Distinguer recherche et souvenir

C’est donc finalement en ordre dispersé et au coup par coup que s’est dessinée la recherche sur l’histoire du Grand-Duché autour de la Seconde Guerre mondiale. Indépendamment des centres de documentation et de recherche, certains historiens comme Vincent Artuso et Denis Scuto sont venus ébranler la mémoire collective en revisitant la réalité de l’Occupation, que ce soit à propos de la spoliation des biens appartenant aux juifs, de l’action réelle de la Commission administrative ou encore de l’attitude de la population luxembourgeoise face à l’occupant nazi.

Le programme de la coalition gouvernementale issue des urnes en 2013 est venu bousculer l’ordre établi en annonçant la création d’un Institut d’histoire du temps présent qui exfiltrerait «une partie des ressources» des Centres de documentation et de recherche sur la résistance et sur l’enrôlement forcé. Motif: «Il importe de différencier dans le cadre institutionnel luxembourgeois d'un côté la recherche historique et, de l'autre, le devoir de mémoire.
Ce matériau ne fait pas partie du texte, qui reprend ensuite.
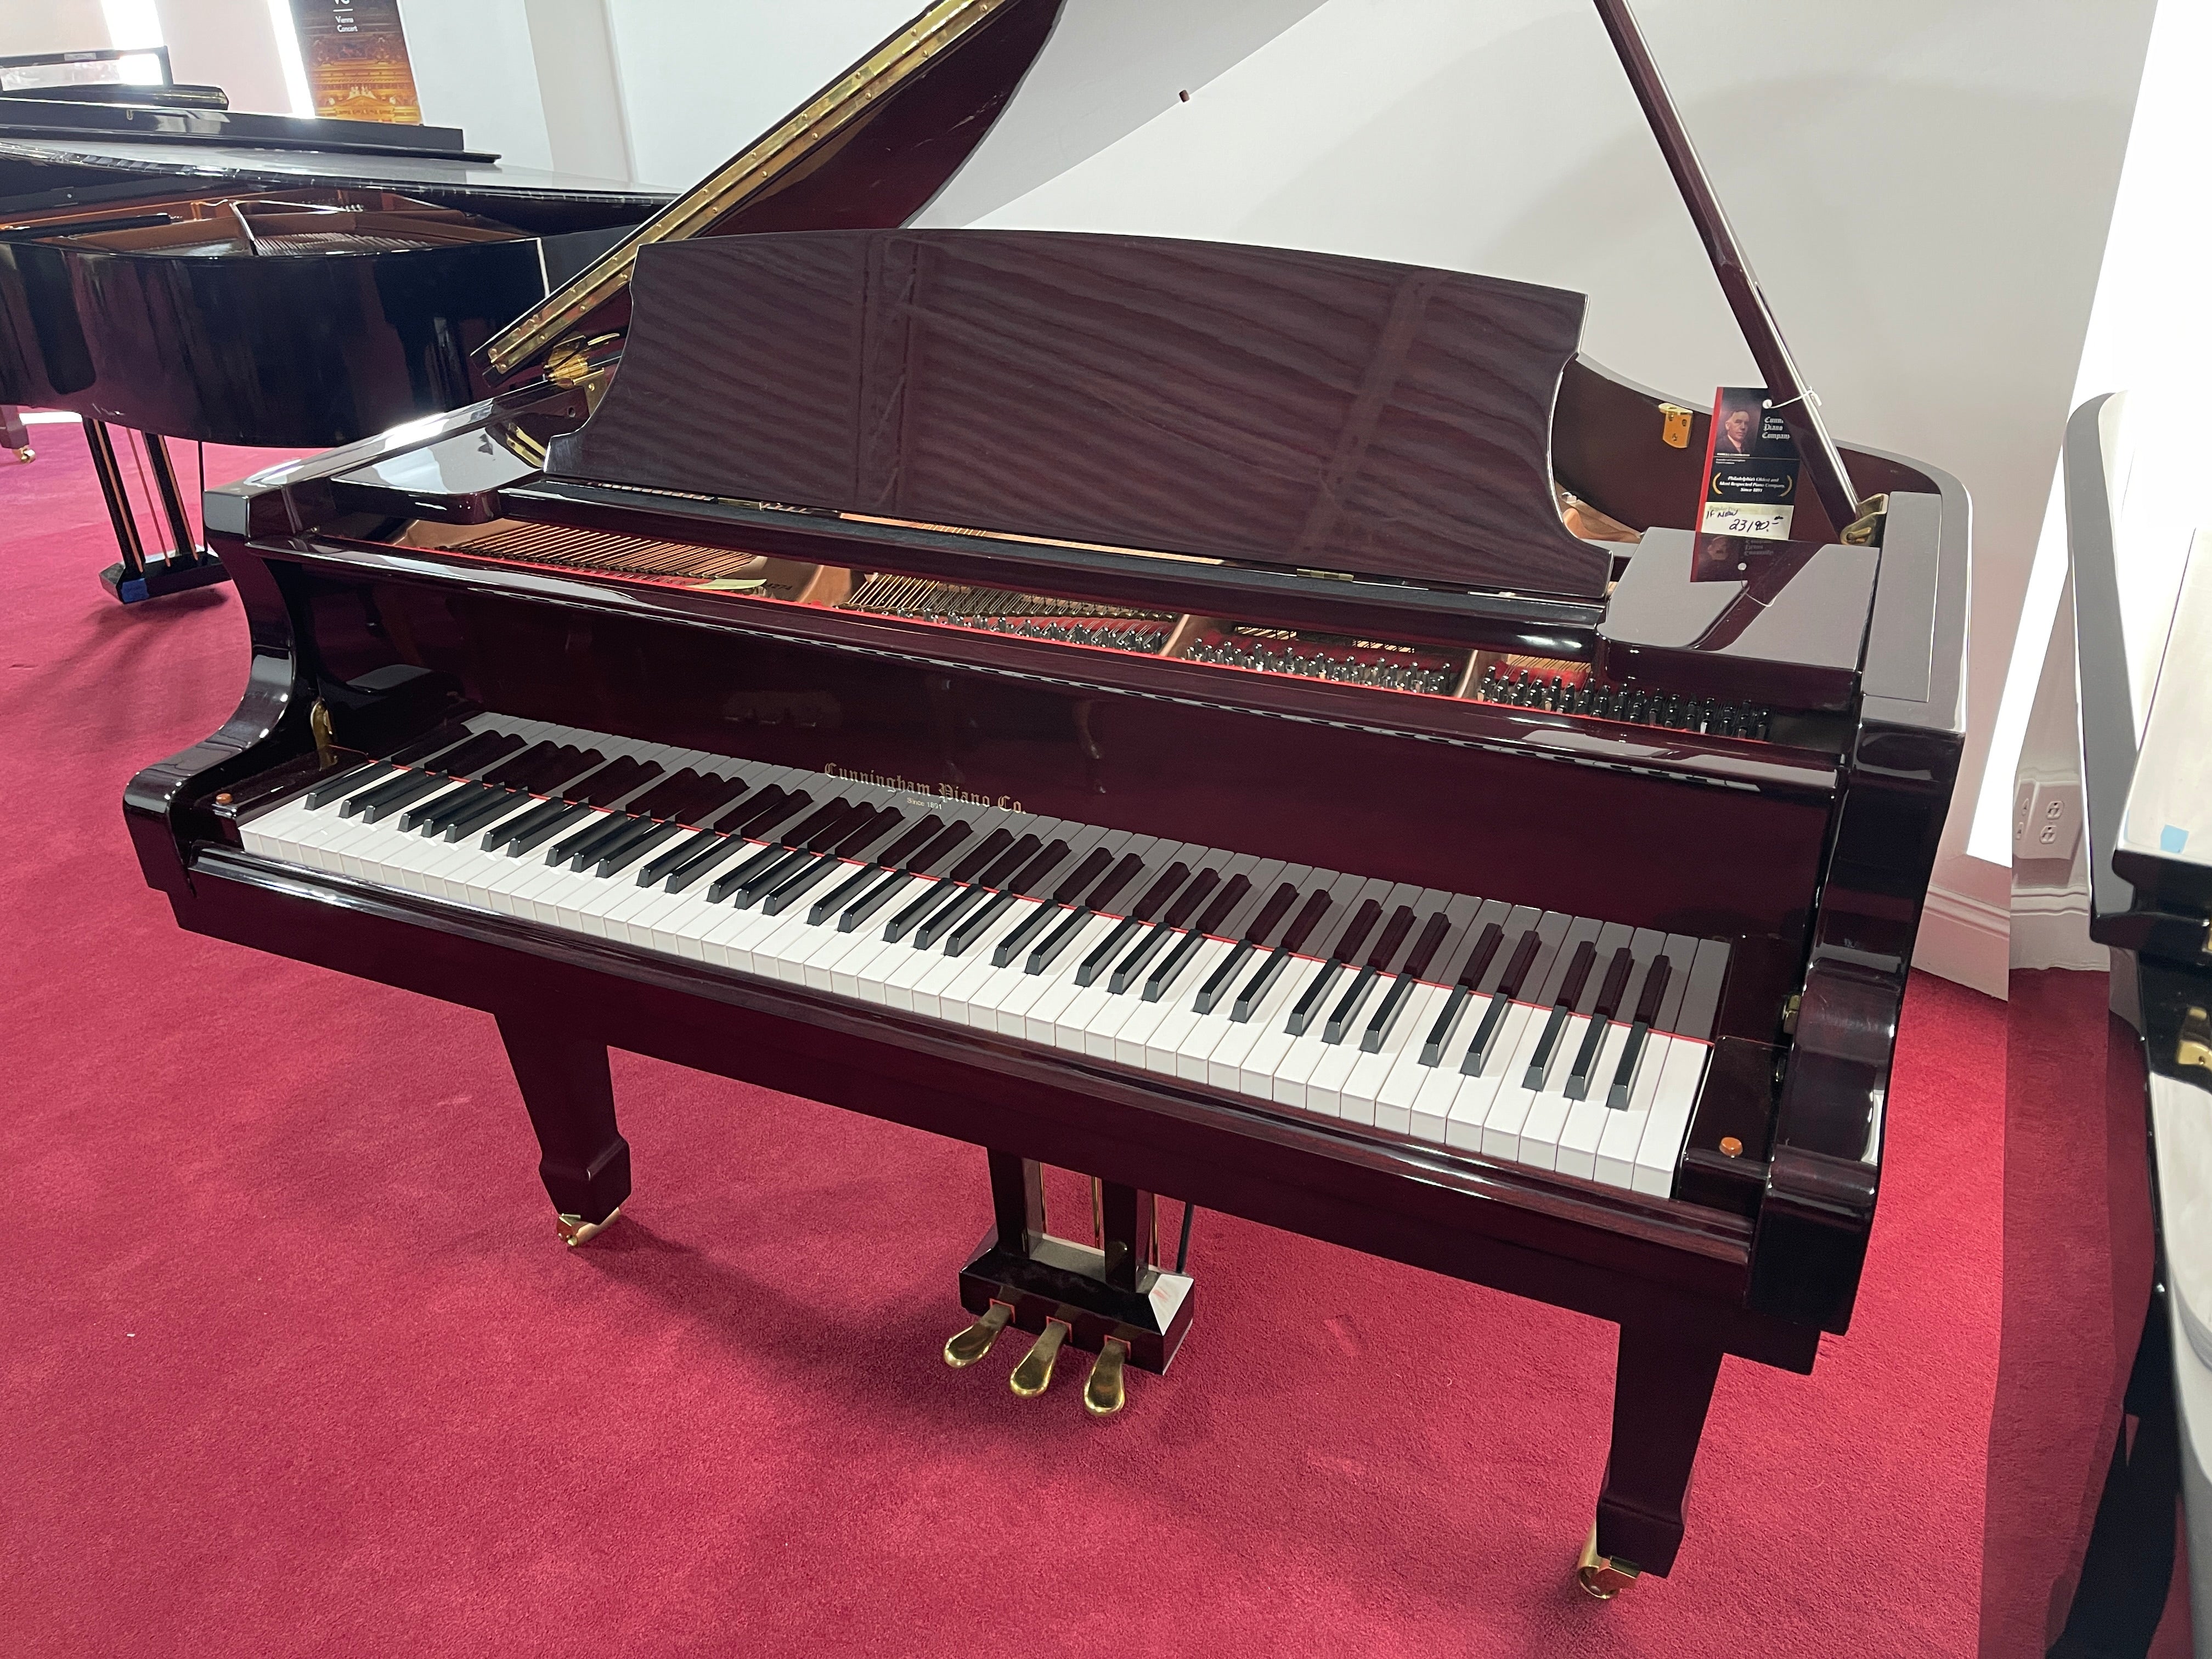 Cunningham 5'2" Grand Piano in Polished Mahogany Finish

L’Institut de l'histoire du temps présent aura ainsi pour mission une recherche scientifique, critique et objective sur notre histoire contemporaine, objet bien différent d'un centre/comité du souvenir sur la résistance et les victimes du nazisme.»

Un comité dédié à toutes les victimes

L’IHTP devrait officiellement voir le jour le 1er juillet prochain – c’est en tout cas ce qui est prévu dans la loi entérinant l’intégration du CVCE dans ce nouveau centre interdisciplinaire de l’Université. Restait à régler l’avenir des Centres de documentation et de recherche, dont la partie recherche rejoindra l’IHTP. Interrogé par Paperjam dans son édition de février, le gouvernement assurait que les lieux de mémoire dans lesquels sont installés les deux centres, à savoir la Villa Pauly et l’ancienne gare de Hollerich, seraient préservés, sans plus de précisions.

L’annonce du conseil de gouvernement confirme en tout cas la volonté de la coalition de clarifier les rôles dans le domaine de l’histoire luxembourgeoise durant la Seconde Guerre mondiale. Exit le Comité directeur pour le souvenir de la résistance et son pendant dédié à l’enrôlement forcé, place à un organe unique: le Comité pour la mémoire de la Deuxième Guerre mondiale, dont l’envergure sera bien plus large puisqu’elle couvrira la résistance, l’enrôlement forcé, la Shoah et «les victimes de la Seconde Guerre mondiale en général». «Des représentants de la communauté juive» se joindront aux membres des comités pour le souvenir existants.

La Chambre des députés devra se prononcer sur un projet de loi portant création d’un Comité pour la mémoire de la Deuxième Guerre mondiale et portant abrogation de deux lois: celle du 20 décembre 2002 portant création d’un Centre de documentation et de recherche sur la résistance et celle du 4 avril 2005 portant création d’un Comité directeur pour le souvenir de l’enrôlement forcé et d’un Centre de documentation et de recherche sur l’enrôlement forcé.